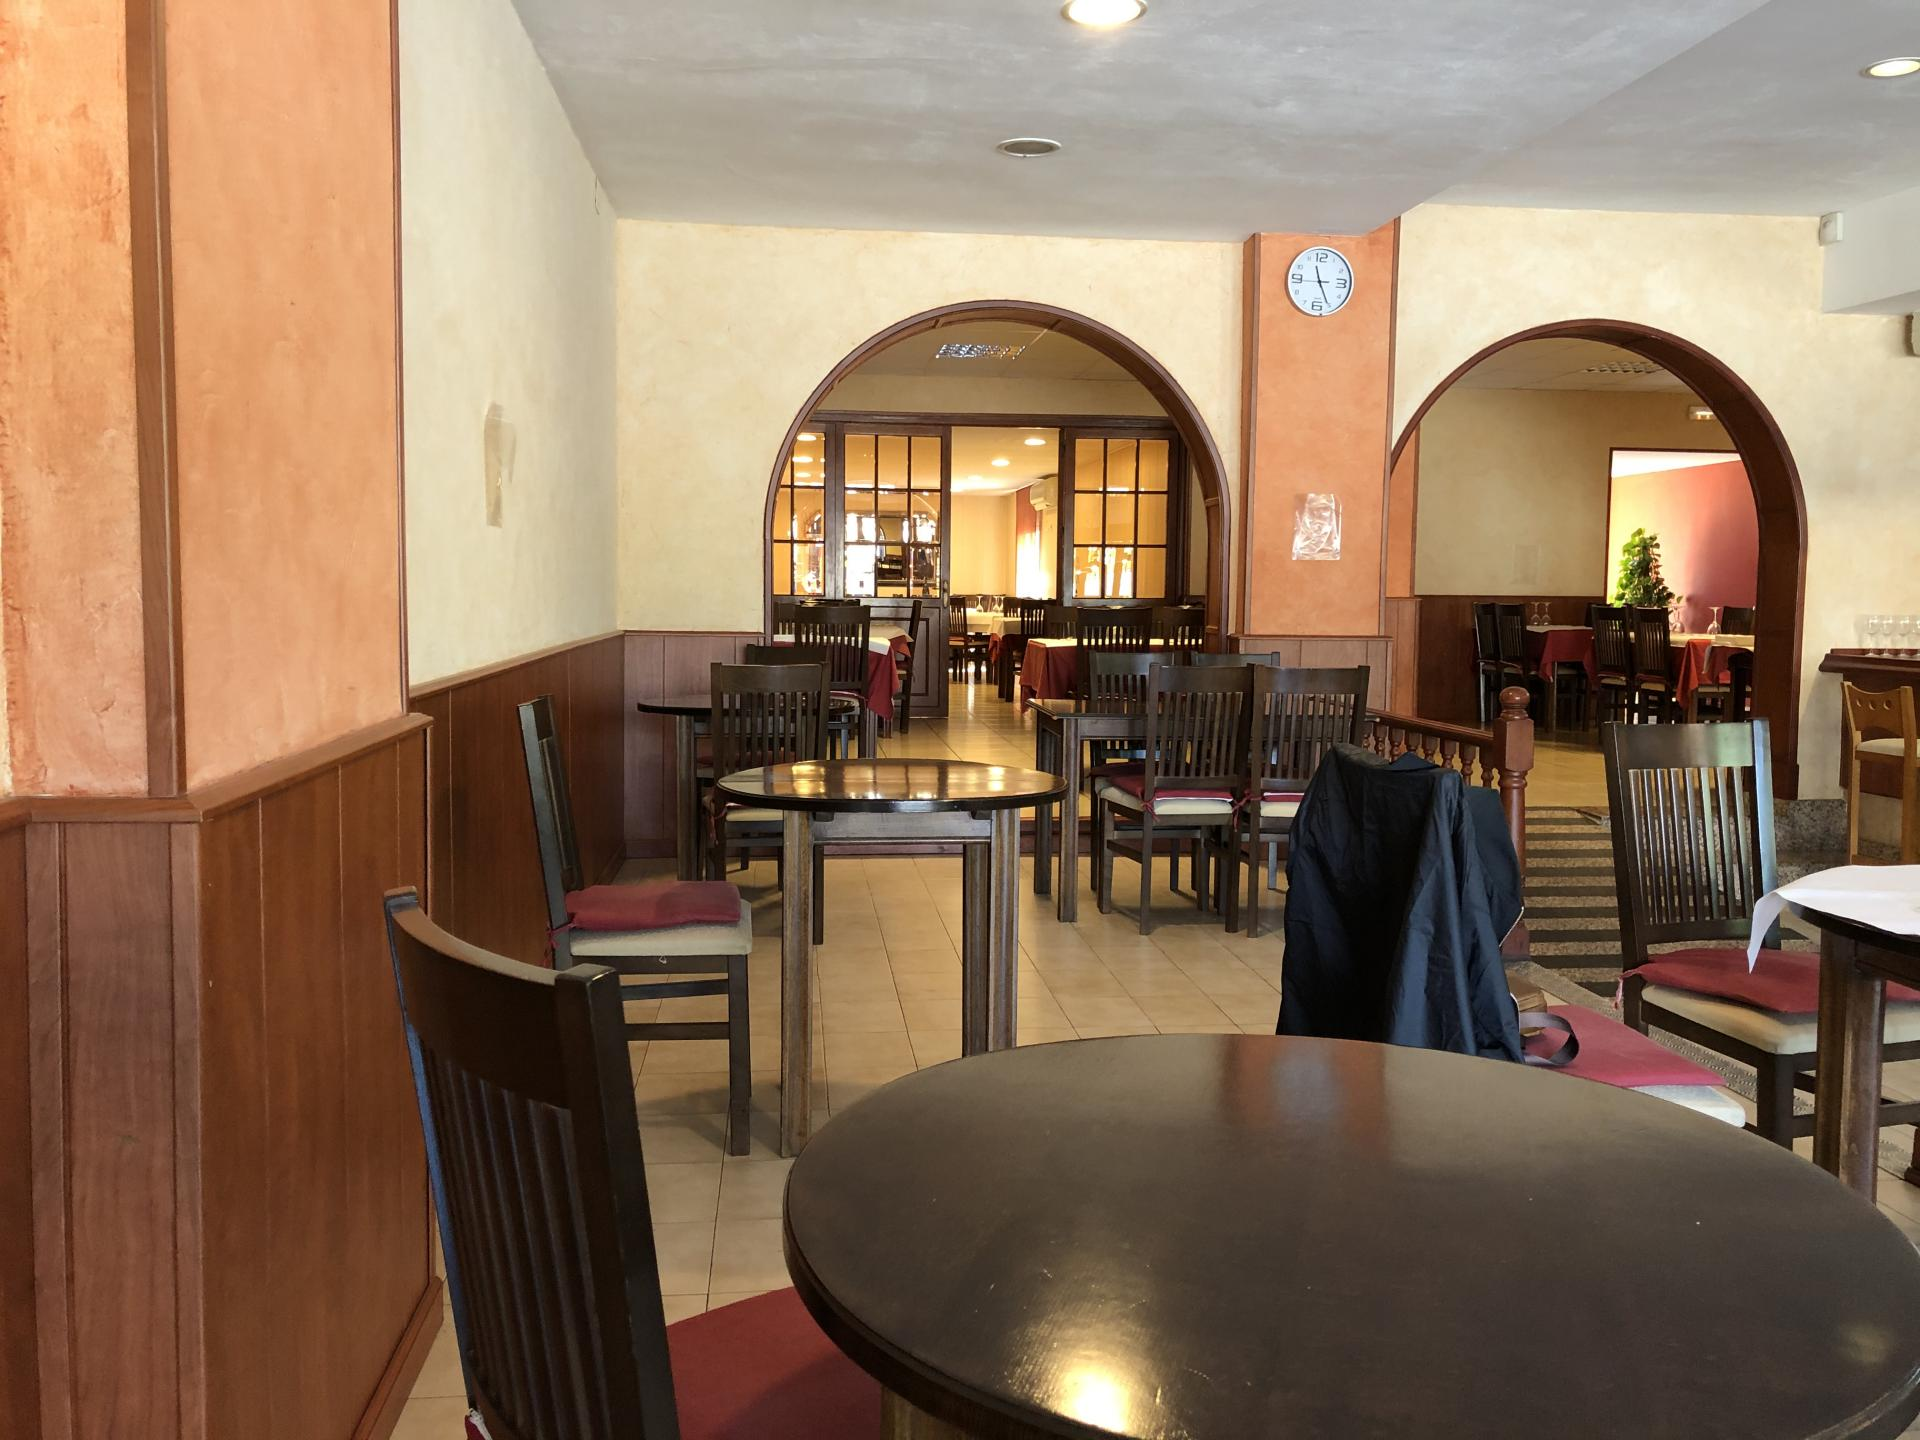 Foto 18 (V-735-2021) - Inmueble en  Venda a Santa Margarida i els Monjos
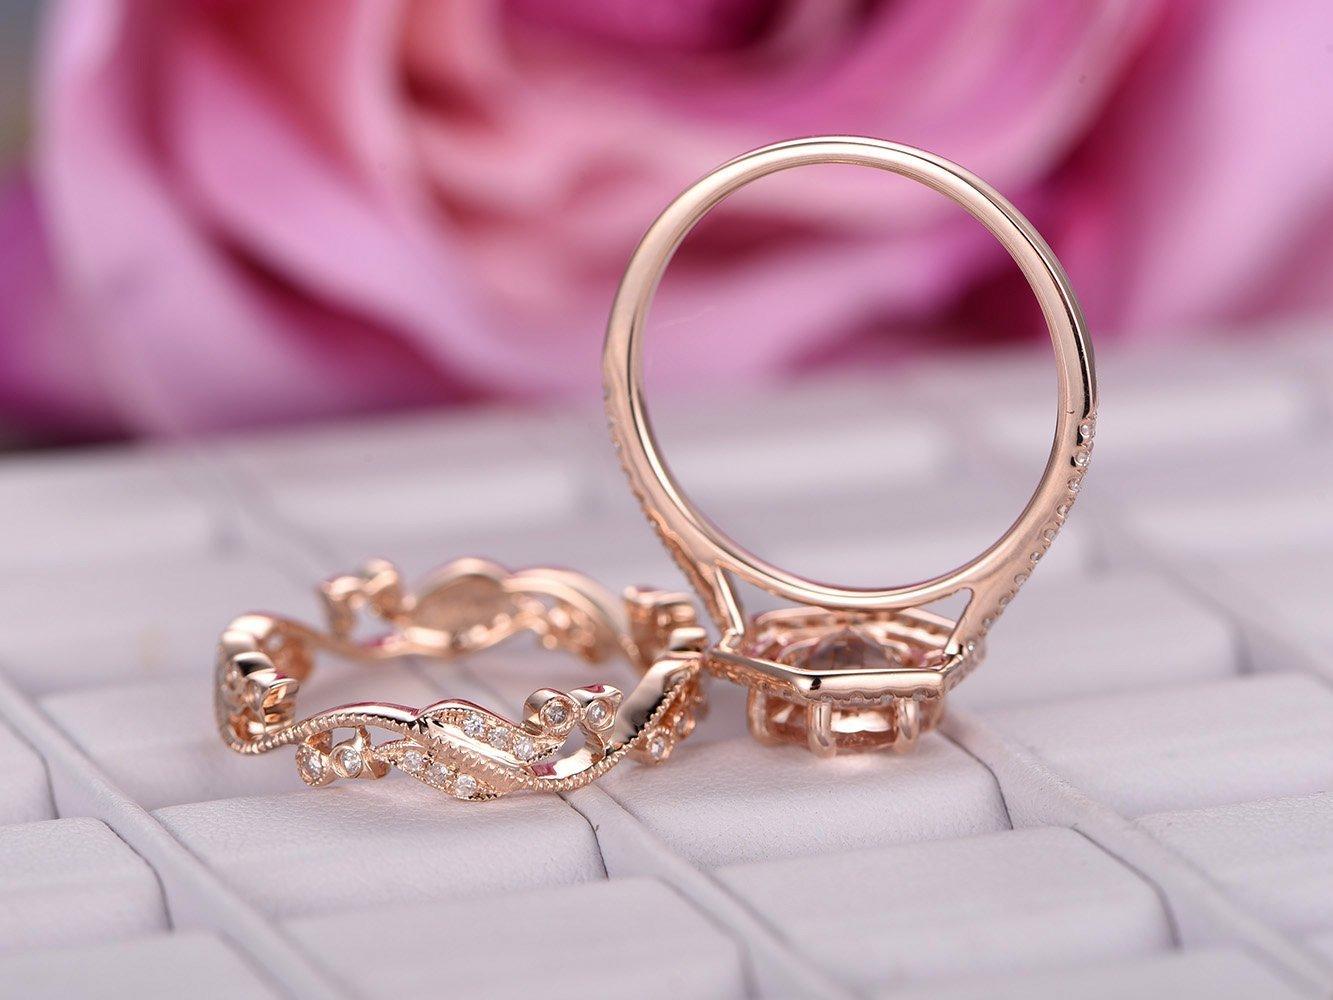 Amazon.com: Round Morganite Engagement Ring Set Pave Diamond Wedding ...
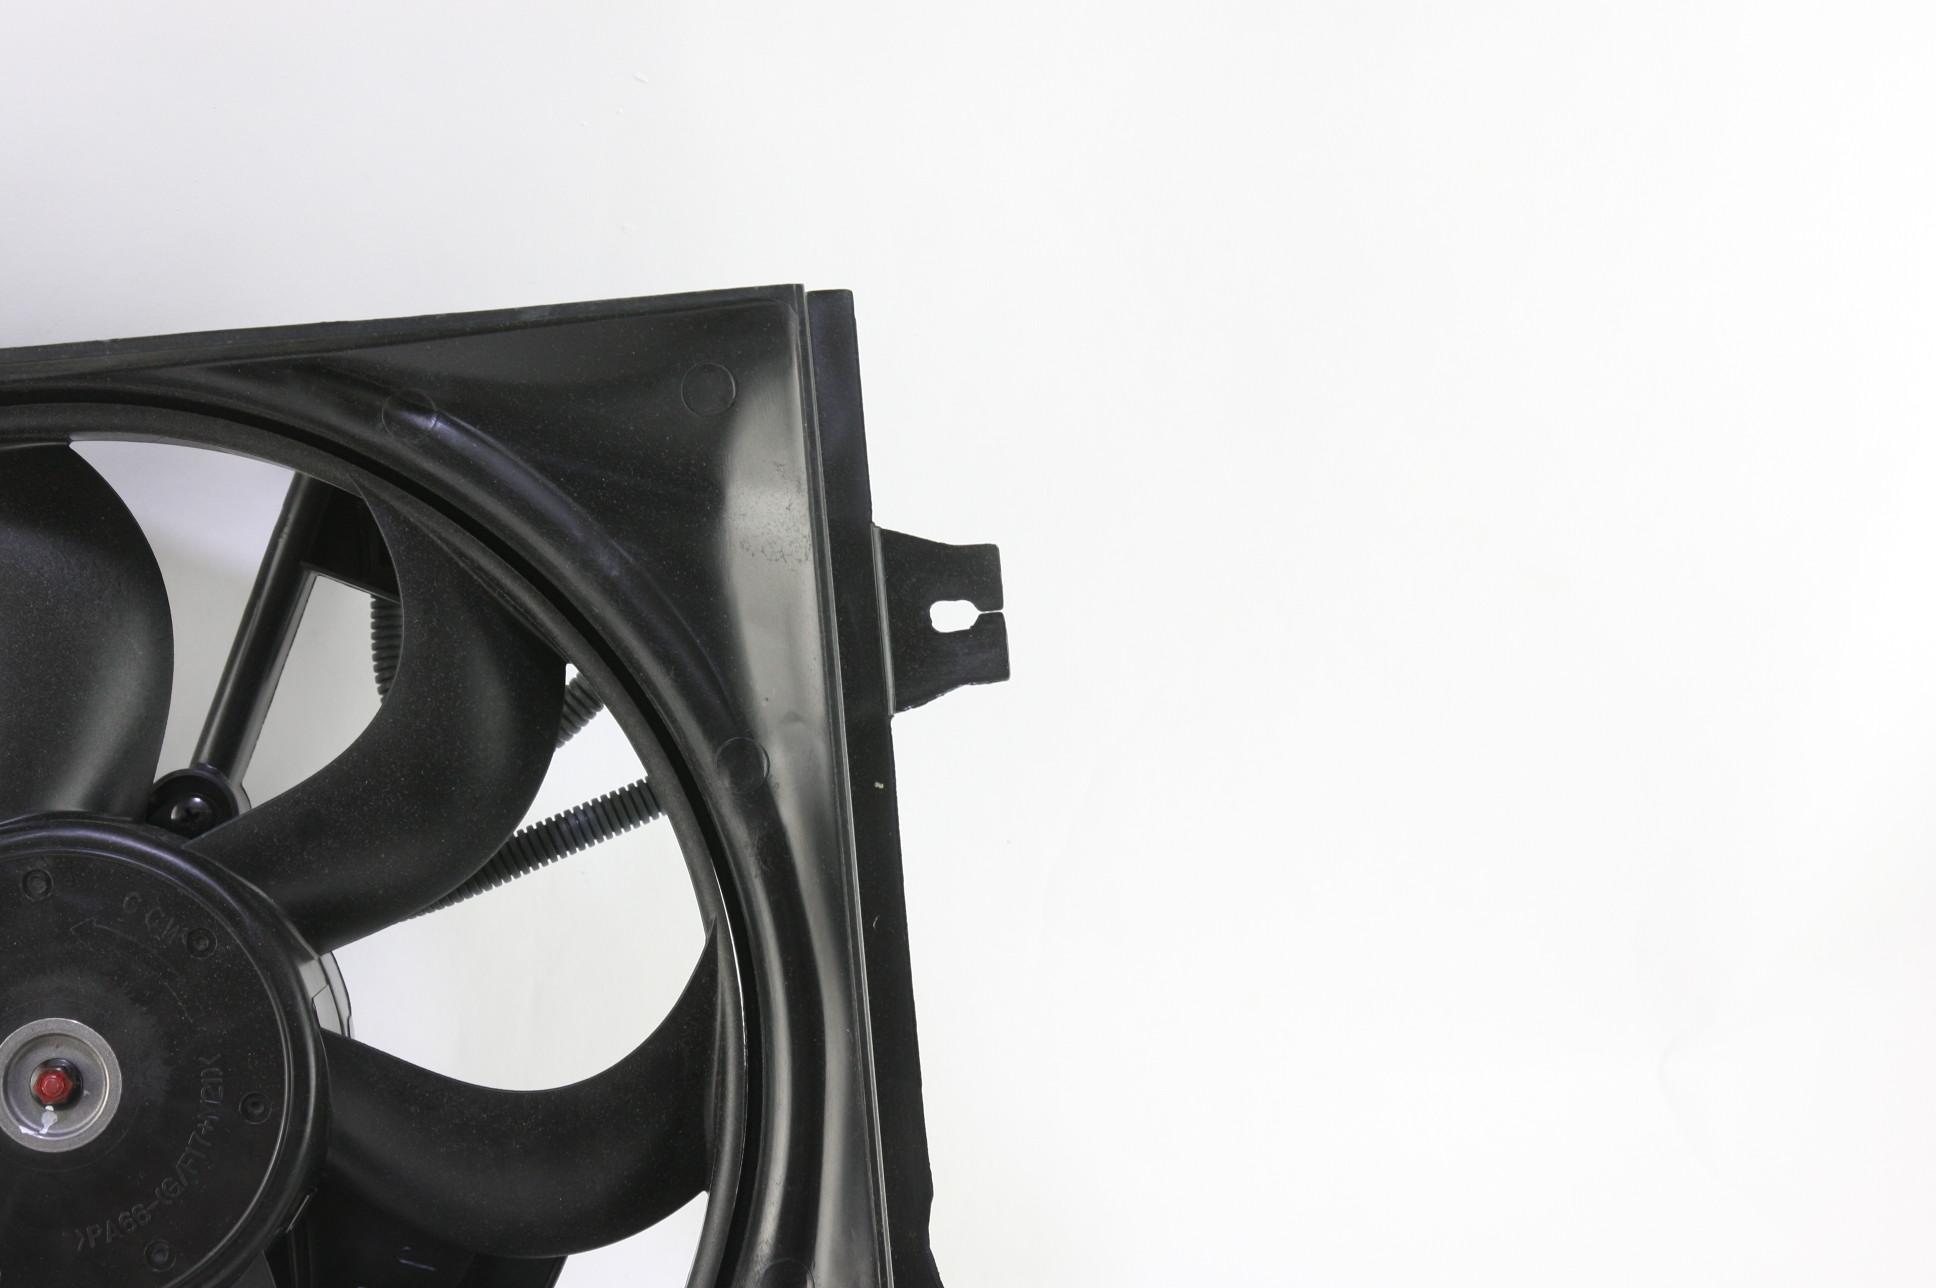 ~ New Kia OEM 977301G000 Kia Rio Radiator Condenser Fan Motor Free Shipping - image 4

> _Directions for this task_
The lines above must be transcribed exactly, with every picture left out.

> _Answer space_
 Foto 18 (V-735-2021) - Inmueble en  Venda a Santa Margarida i els Monjos
 Amazon.com: Round Morganite Engagement Ring Set Pave Diamond Wedding ...
 ~ New Kia OEM 977301G000 Kia Rio Radiator Condenser Fan Motor Free Shipping - image 4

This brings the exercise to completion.